**** Input data
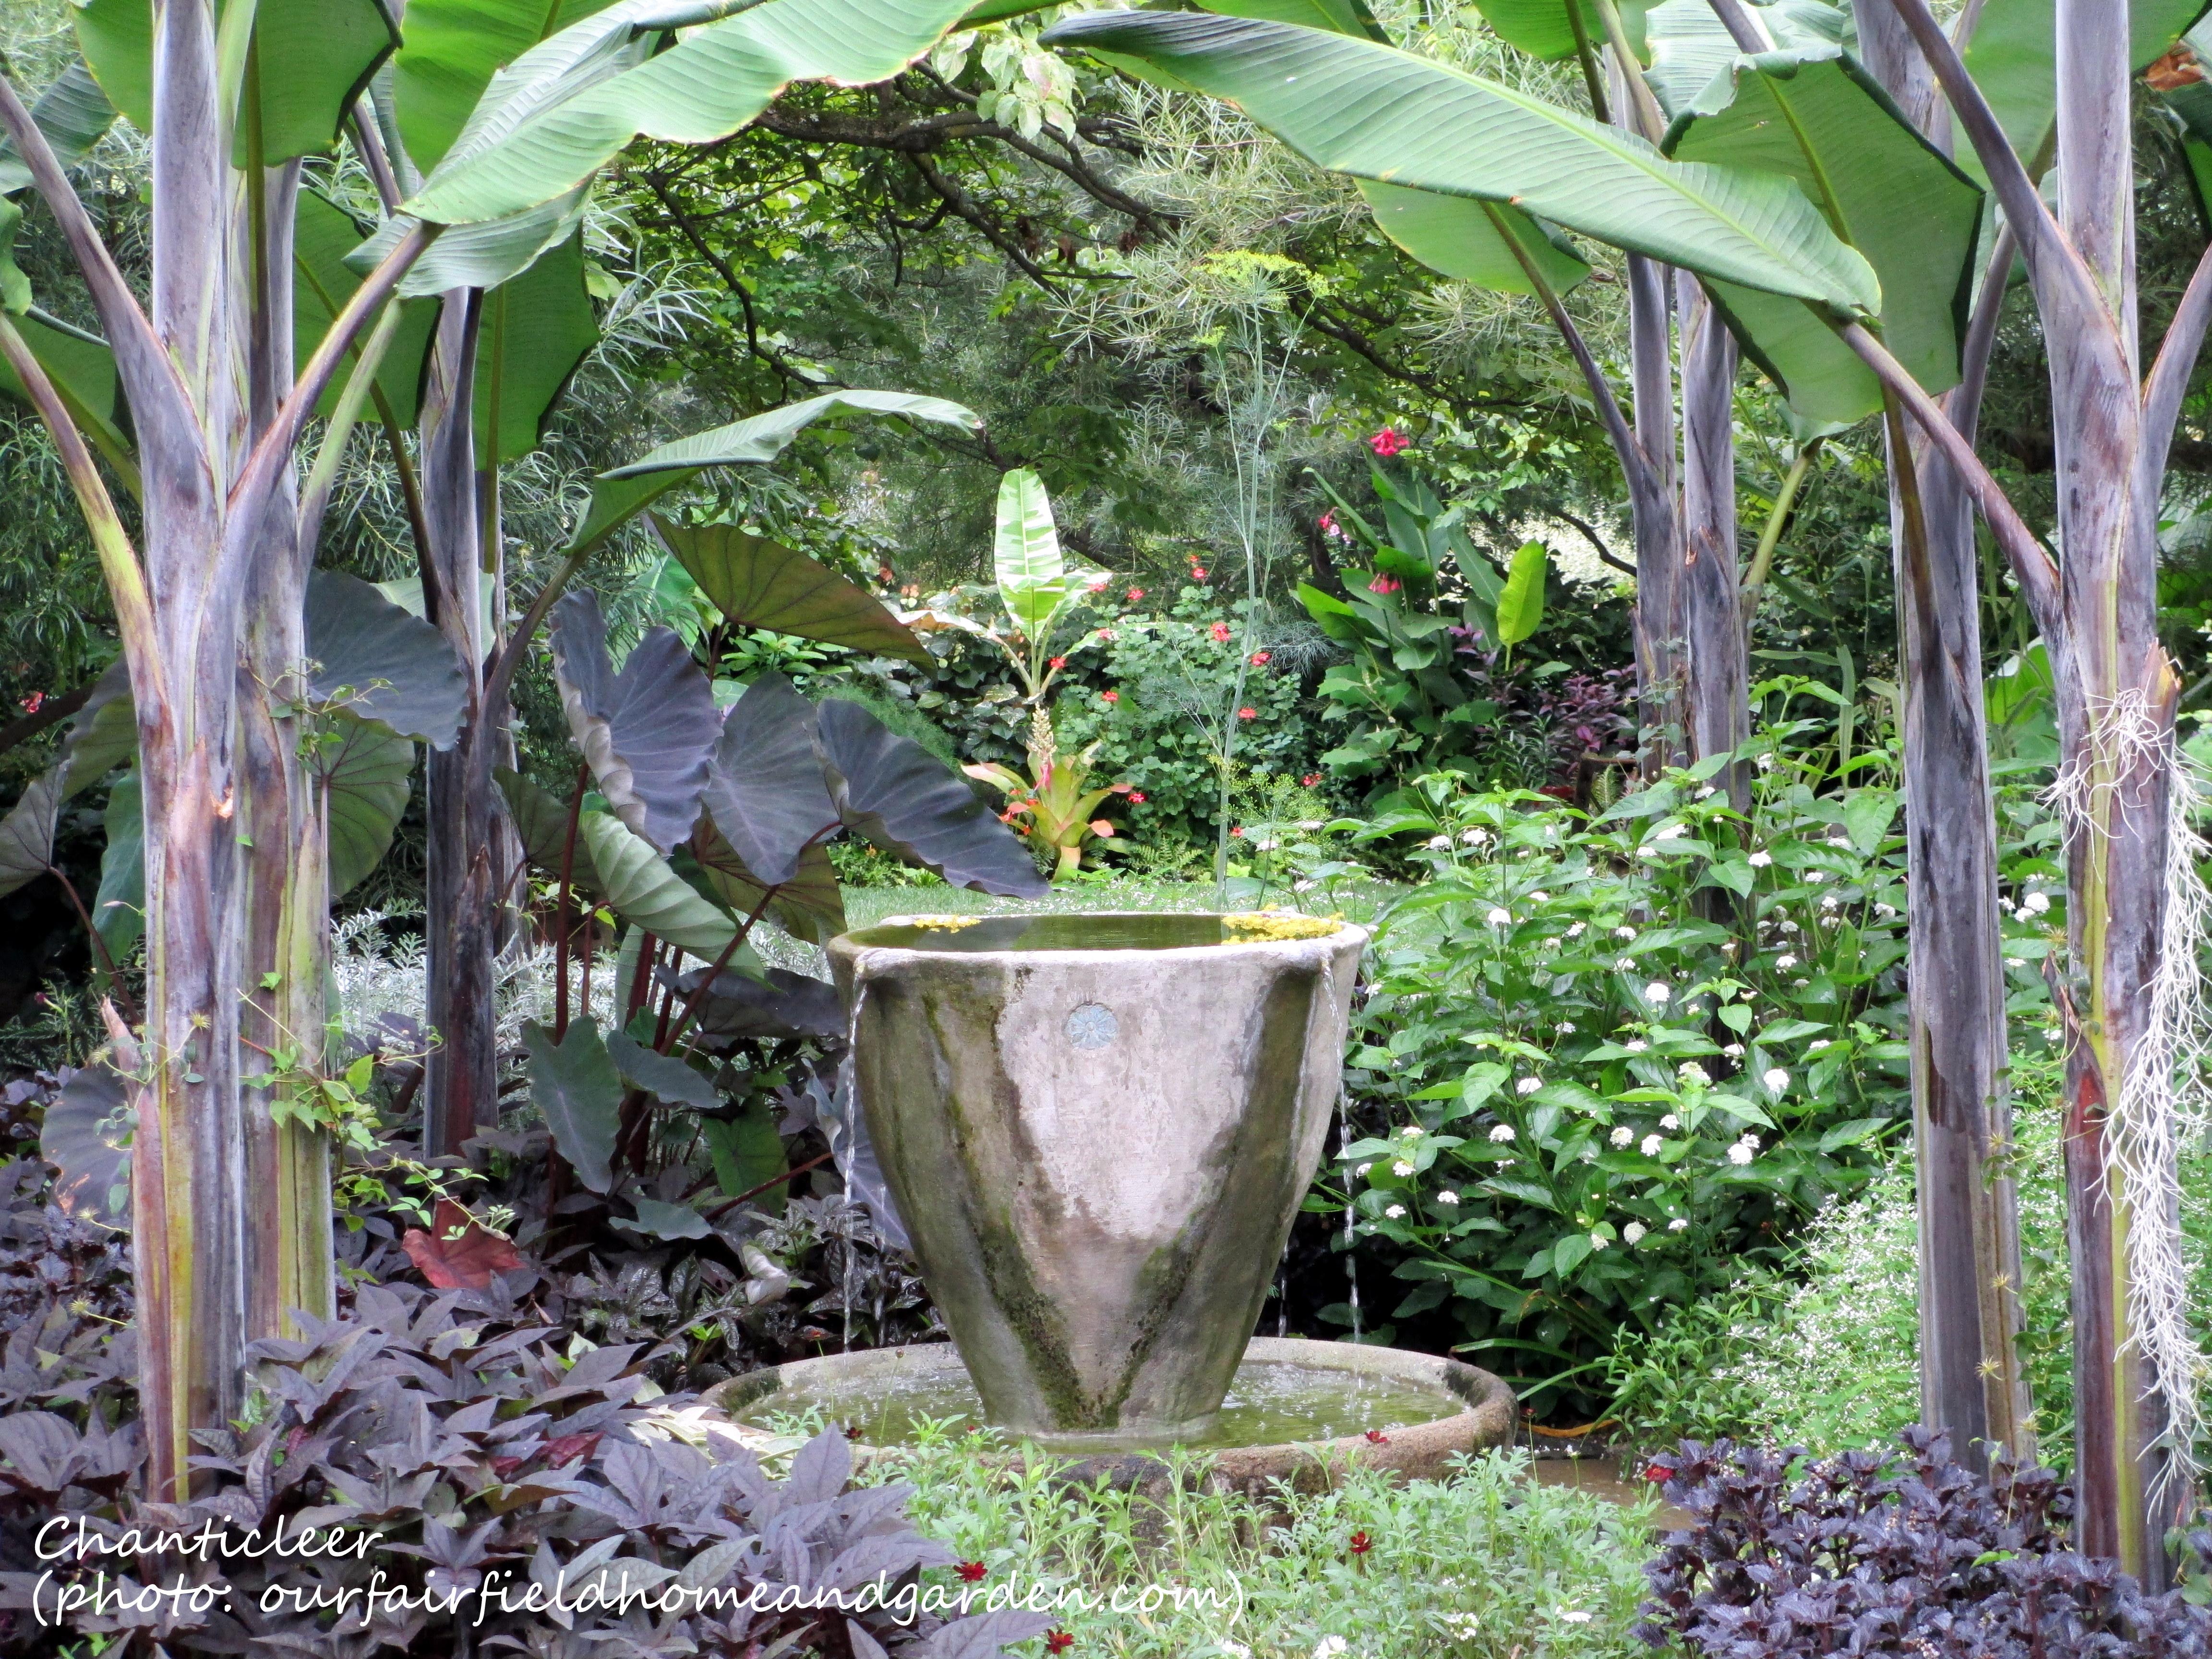 Chanticleer Garden https://ourfairfieldhomeandgarden.com/field-trip-the-unusual-and-romantic-gardens-of-chanticleer/
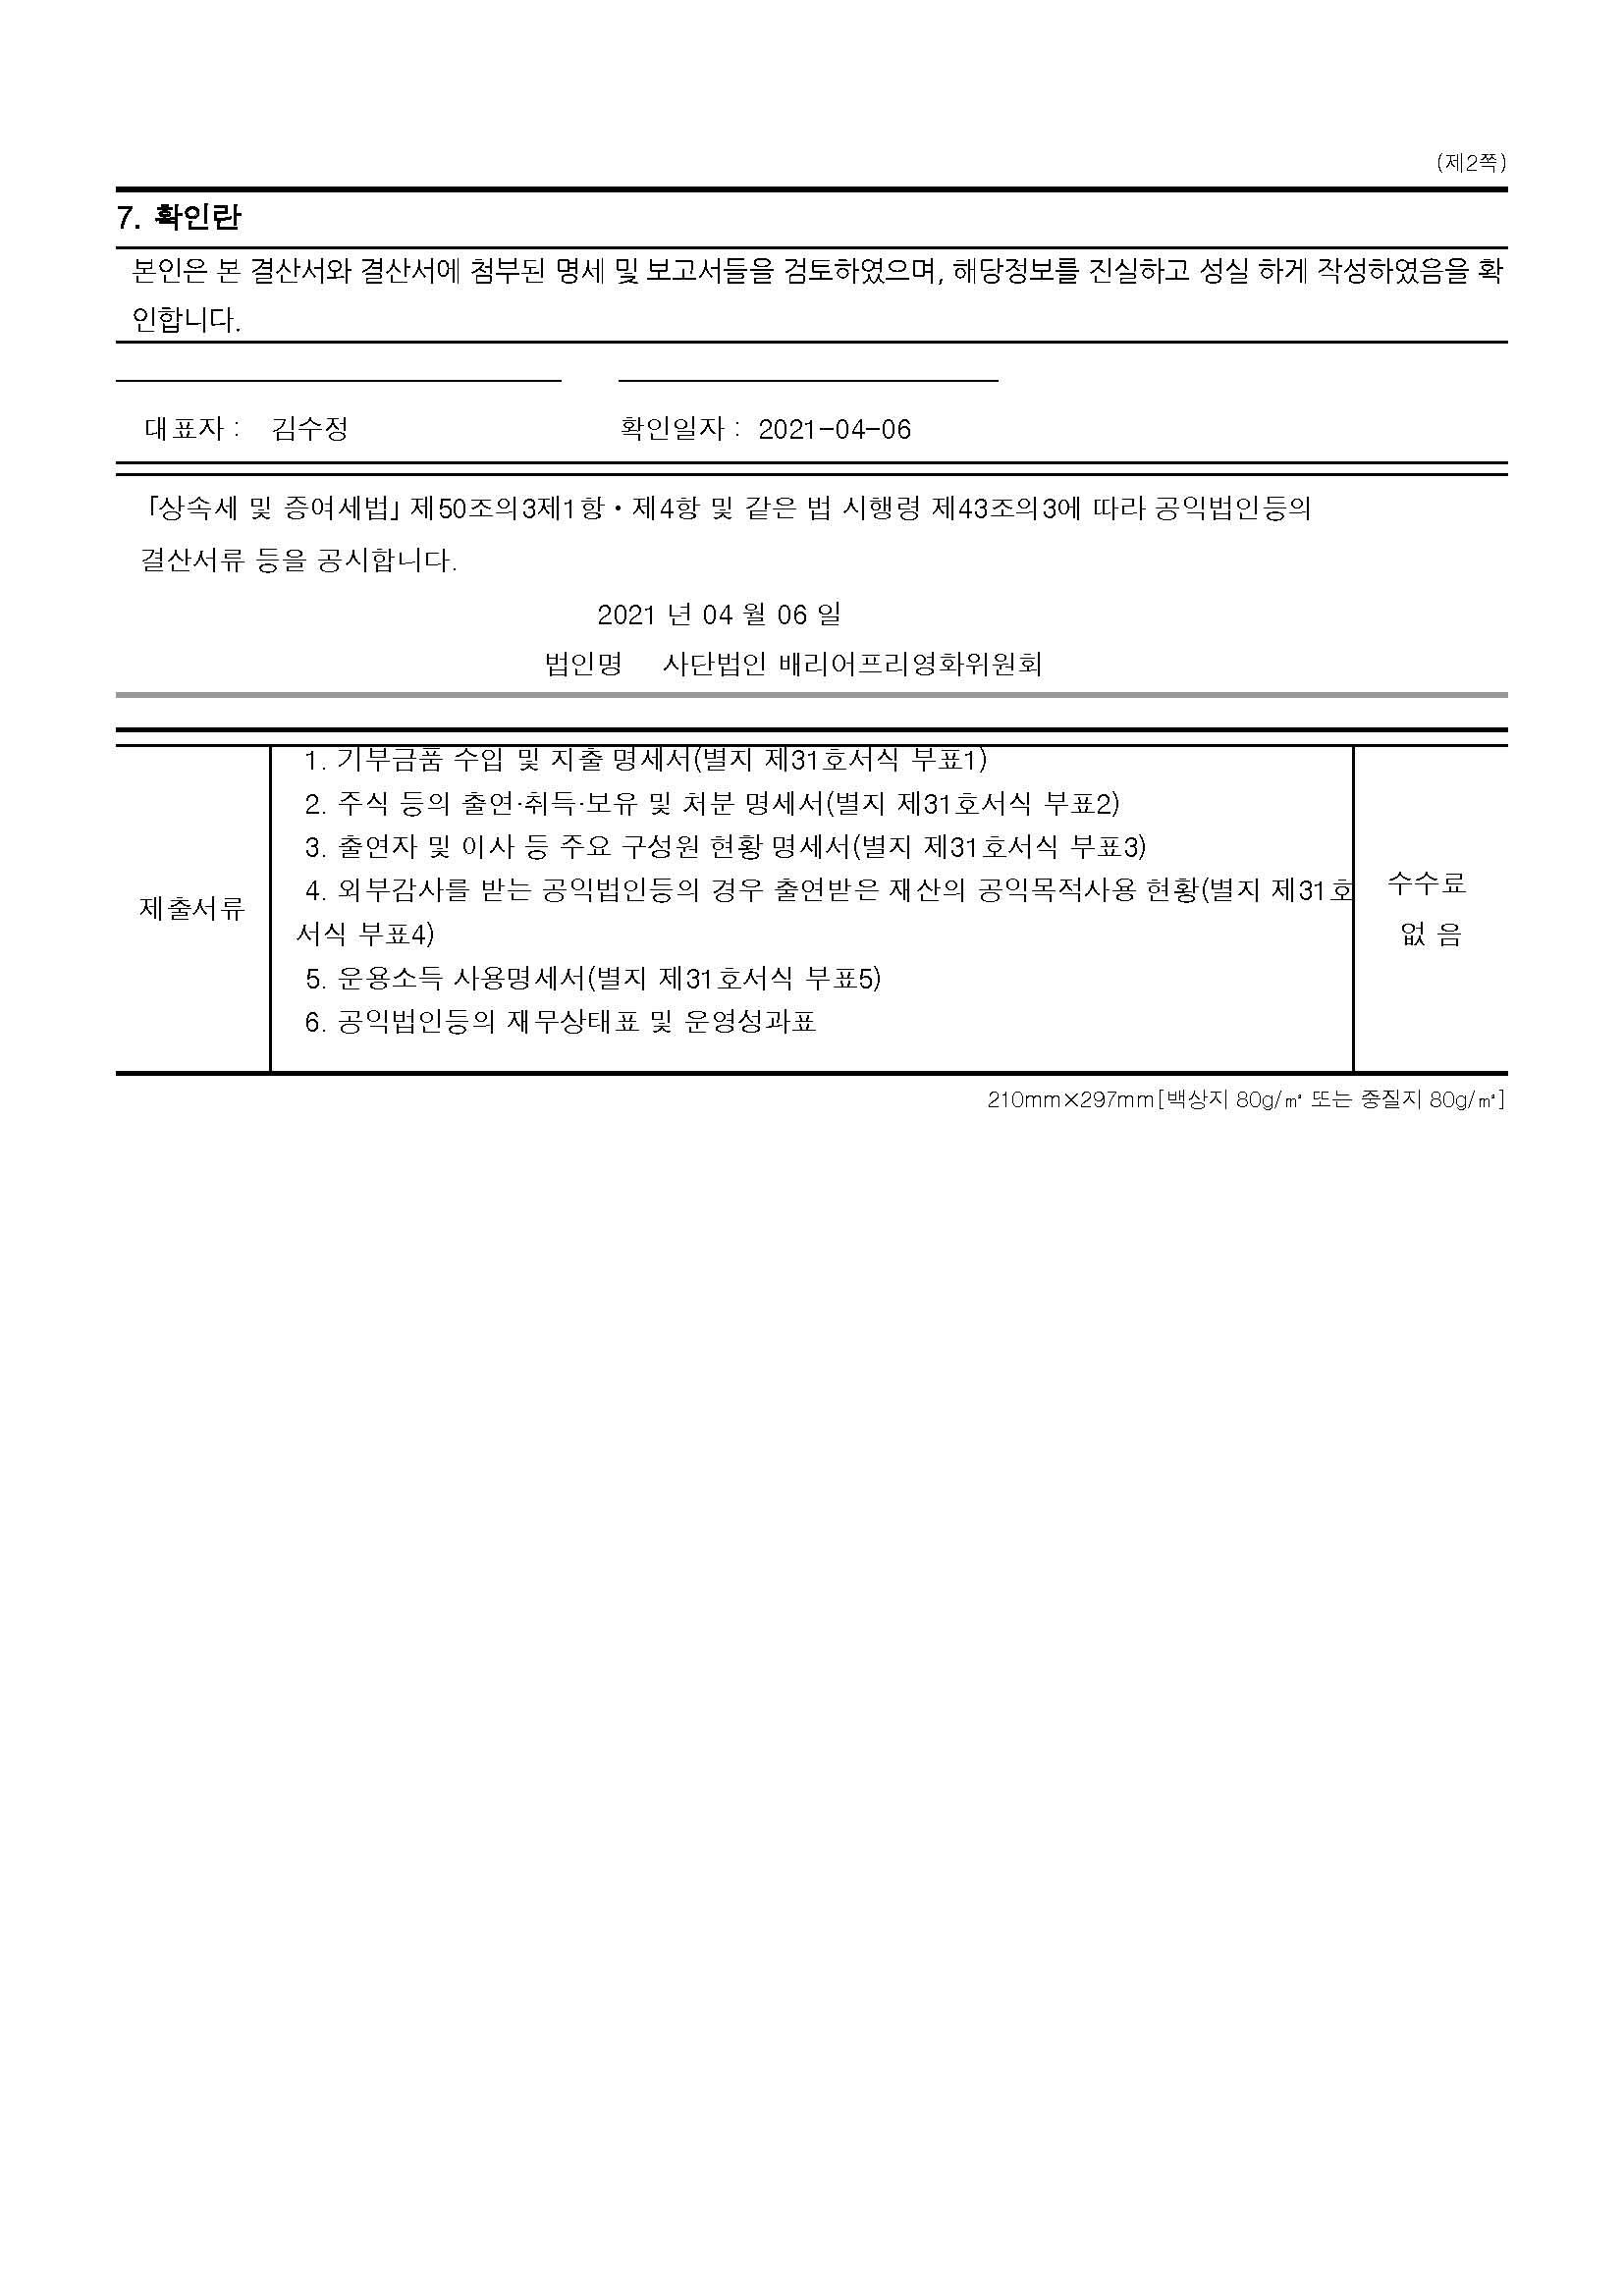 2020 공익서류 결산서류  (2).jpg
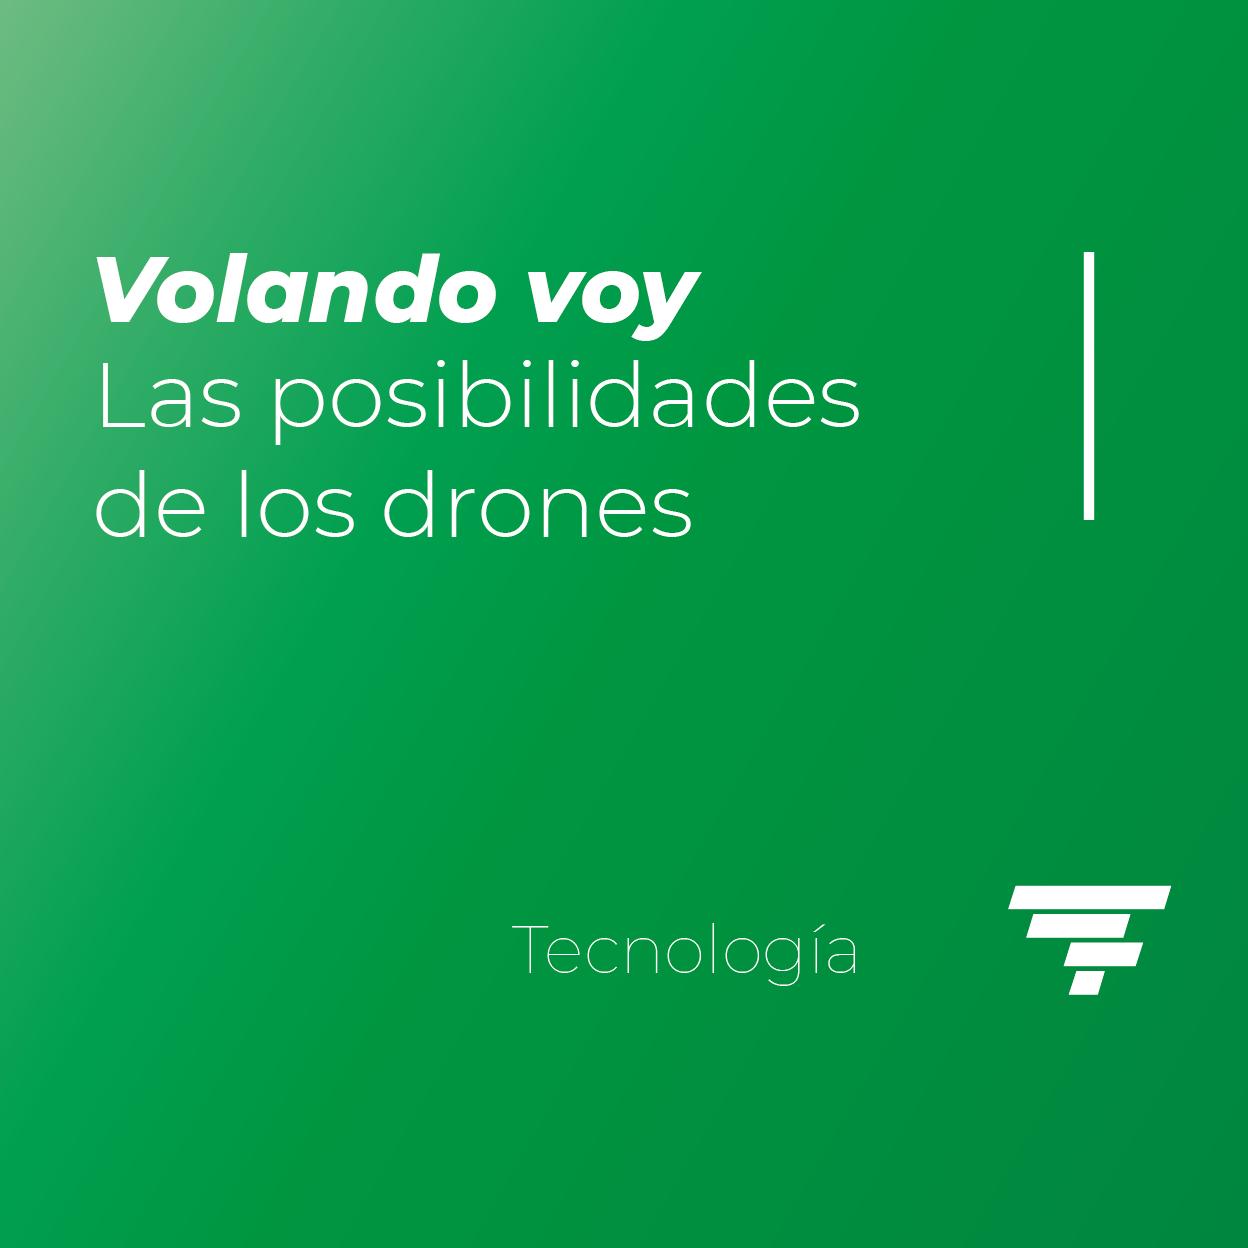 Volando voy: Las posibilidades de los drones
********
Problem details> Would you output the data exactly, without any of its images?

Response>
 Chanticleer Garden https://ourfairfieldhomeandgarden.com/field-trip-the-unusual-and-romantic-gardens-of-chanticleer/
 2020 공익서류 결산서류  (2).jpg
 Volando voy: Las posibilidades de los drones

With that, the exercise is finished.